Pacific Fruit Express was an American railroad refrigerator car leasing company headquartered in San Francisco. At one point, it was the largest refrigerator car operator in the world.

==History==
===Founding and early history===
The company was founded on December 7, 1906 by E. H. Harriman, as a joint venture between the Union Pacific and Southern Pacific railroads. It began operation on October 1, 1907, with a fleet of 6,600 refrigerator cars built by the American Car and Foundry Company (ACF). In the period between 1901 and 1913, the Pacific Fruit Express was the largest refrigerator car company and transported perishable fruit and vegetables which allowed for the increased production of produce in California. In 1913, executives from the PFE met with fruit growers in Lodi, California, to discuss improvements to communications and loading operations to improve service to growers. PFE executives also promised an additional 3,000 cars to avoid car shortages in previous years. However, conflicts between growers and PFE about the number of available cars continued through the 1920s The refrigeration cars initially used natural ice including from the Rocky Mountains and as late as the 1940s they were still harvesting ice from the Rockies to use for refrigeration. One account describes the use of pond ice from Oregon from the early 1900s to 1912 when a refrigeration plant was built.

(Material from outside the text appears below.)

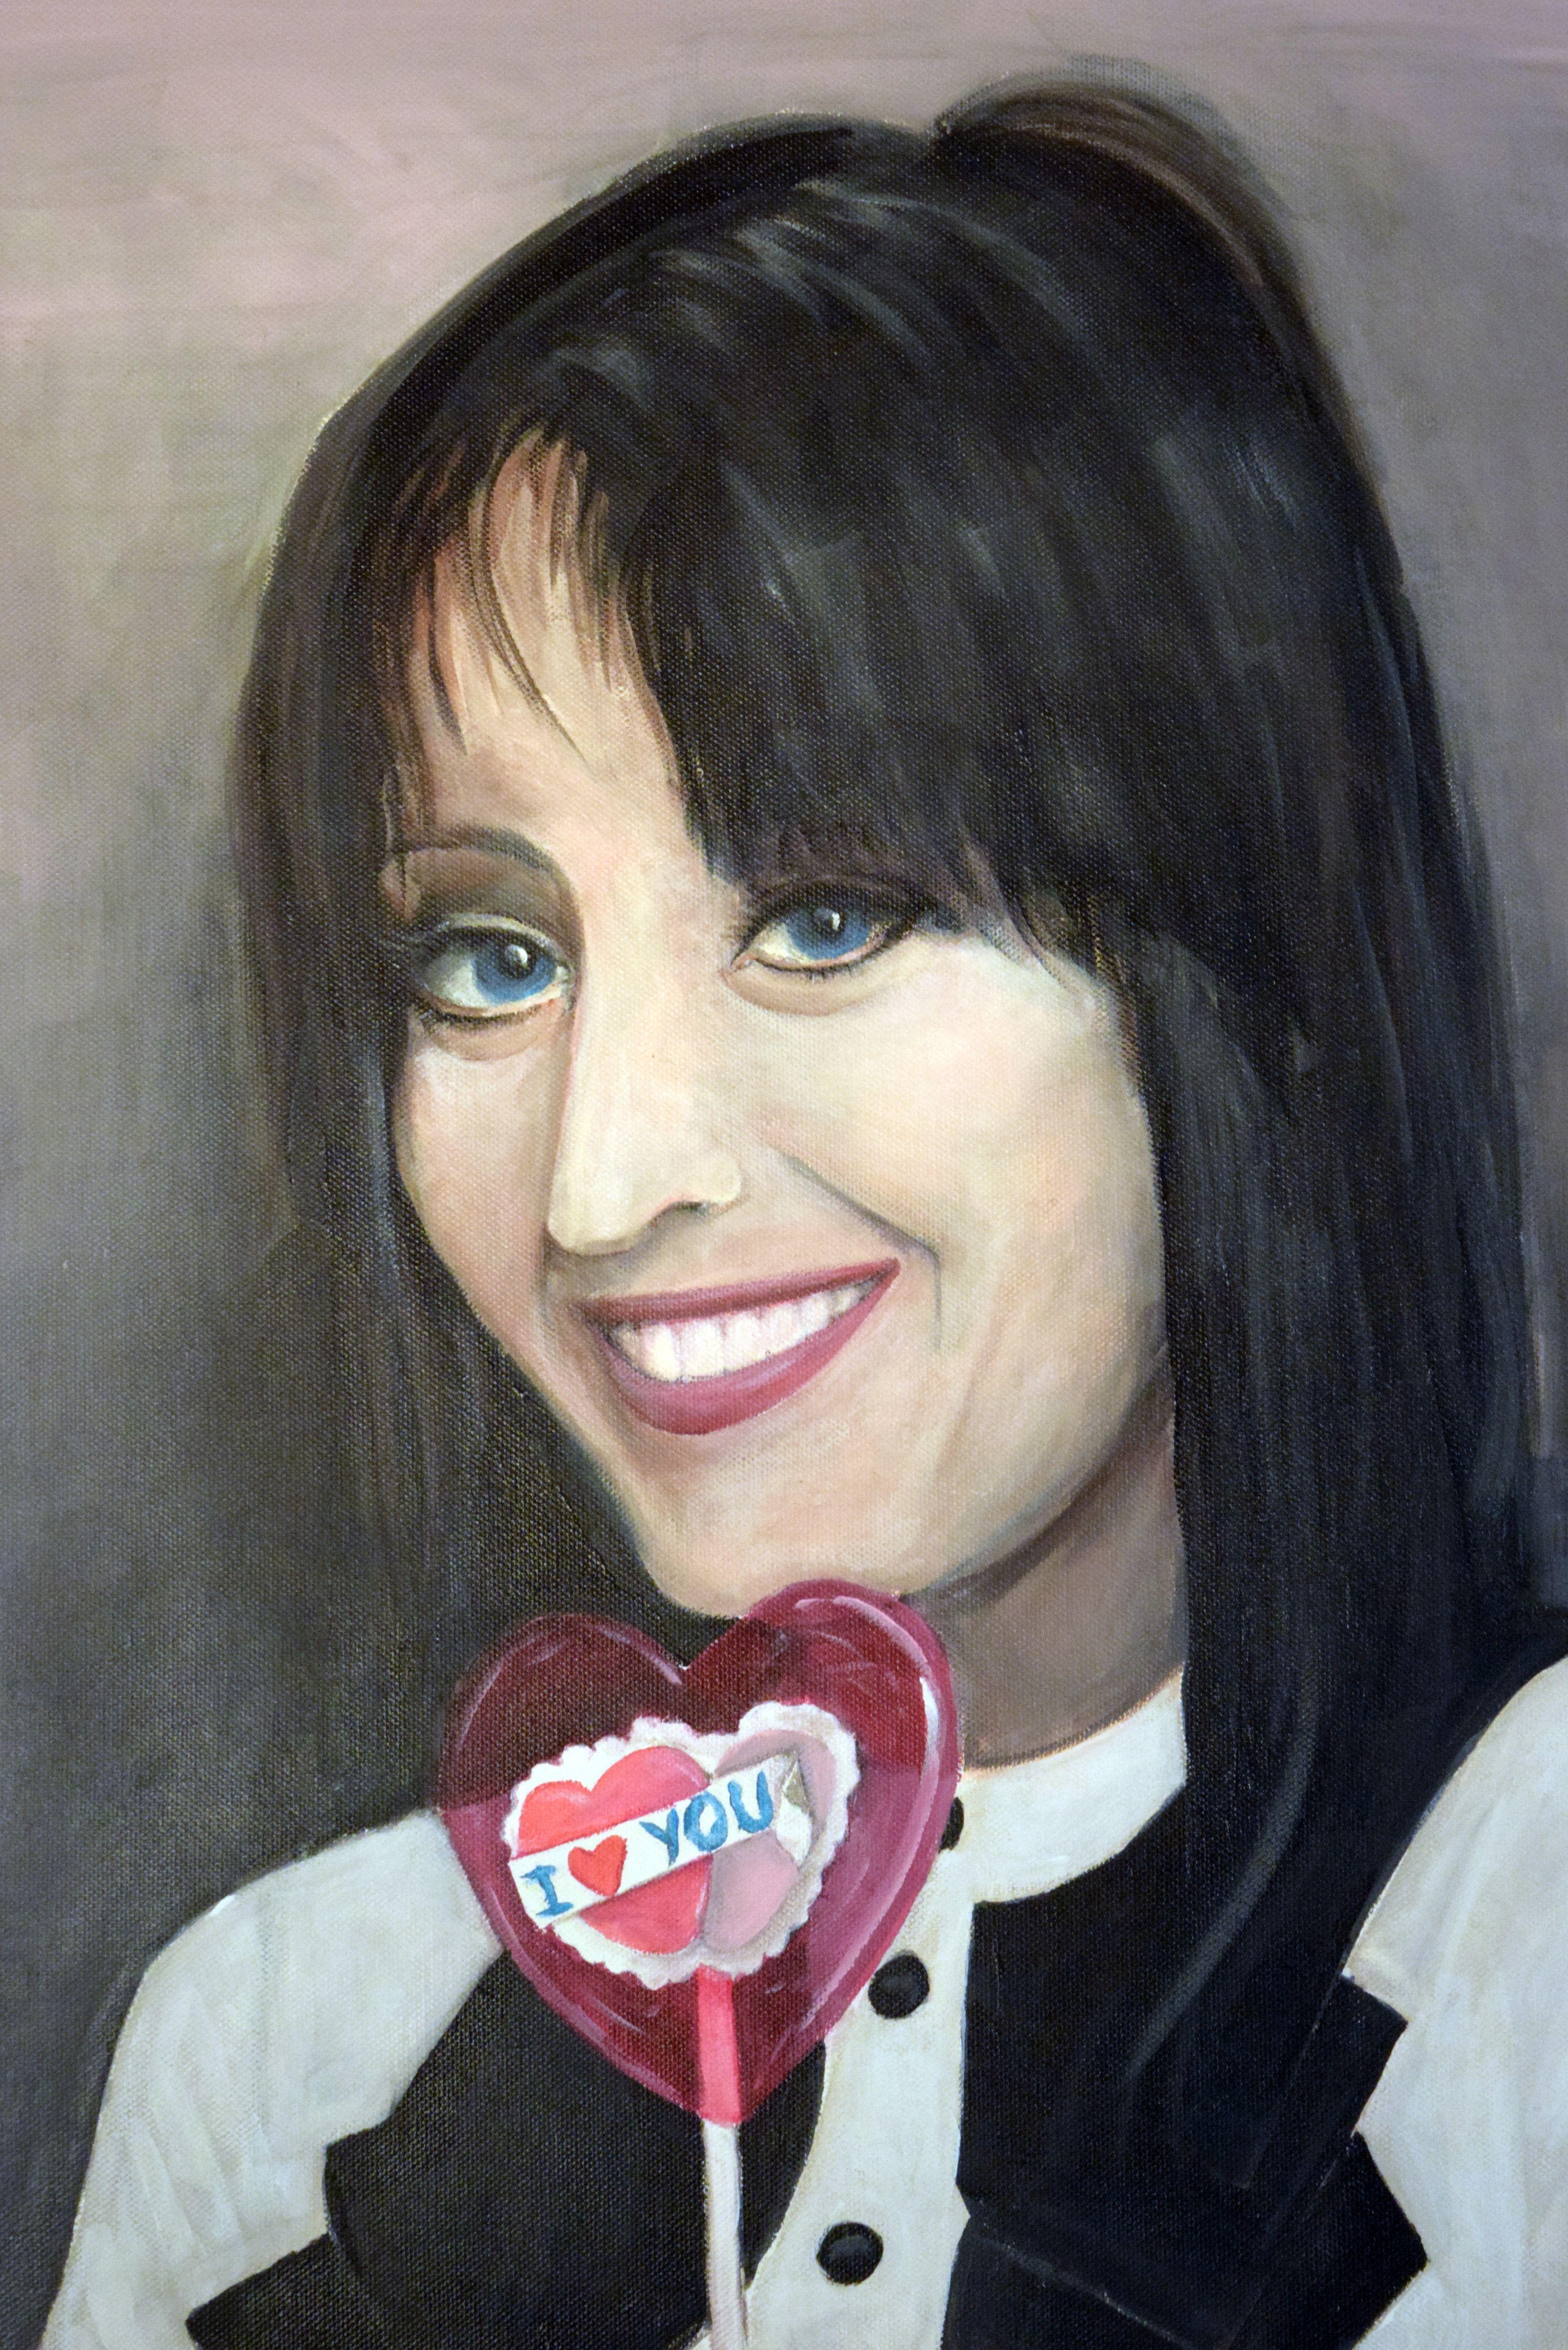 Katy hudson christian music

Number of Refrigerator Cars in Pacific Fruit Express, 1907–1970
| 1907 | 1910 | 1920 | 1930 | 1940 | 1950 | 1960 | 1970 |
| 6,600 | 8,100 | 16,000 | 40,509 | 36,899 | 38,840 | 28,818 | 17,648 |

===1920s – 1950s===
In 1923, the Western Pacific Railroad joined the venture by leasing its own new fleet of 2775 refrigerator cars to PFE. They were painted in standard PFE colors with only WP heralds on the cars instead of the paired Union Pacific–Southern Pacific markings. The Western Pacific cars were all retired by the late 1950s, among the last wooden refrigerator cars in PFE's fleet. WP ended its partnership with PFE in late 1967 and joined Fruit Growers Express instead. The PFE owned its own repair shops and produced its own ice for refrigeration. As of 1948, it owned and operated 18 ice production plants, supplying two million pounds of ice. Competition from highway refrigerated transportation increased during this period, and the fleet decreased to 21,500 cars.

===1970s to present===
Increasing competition from highway refrigeration led to decreasing profits and in March 1978, the company went out of business. PFE's assets were divided equally between the Union Pacific and Southern Pacific when the company was split on April 1, 1978. At the time of the closing, the Southern Pacific maintained the name PFE and the new Union Pacific firm was named the Union Pacific Fruit Express. It is now a Union Pacific subsidiary.

In 1970 a large fire destroyed the ice house owned and operated by the PFR in Tucson, Arizona.

On September 1, 2022 Union Pacific closed the final Fruit Express shop in North Platte, Nebraska at Bailey Yard and all personnel and equipment were transferred to the North Platte Service Unit Car Department.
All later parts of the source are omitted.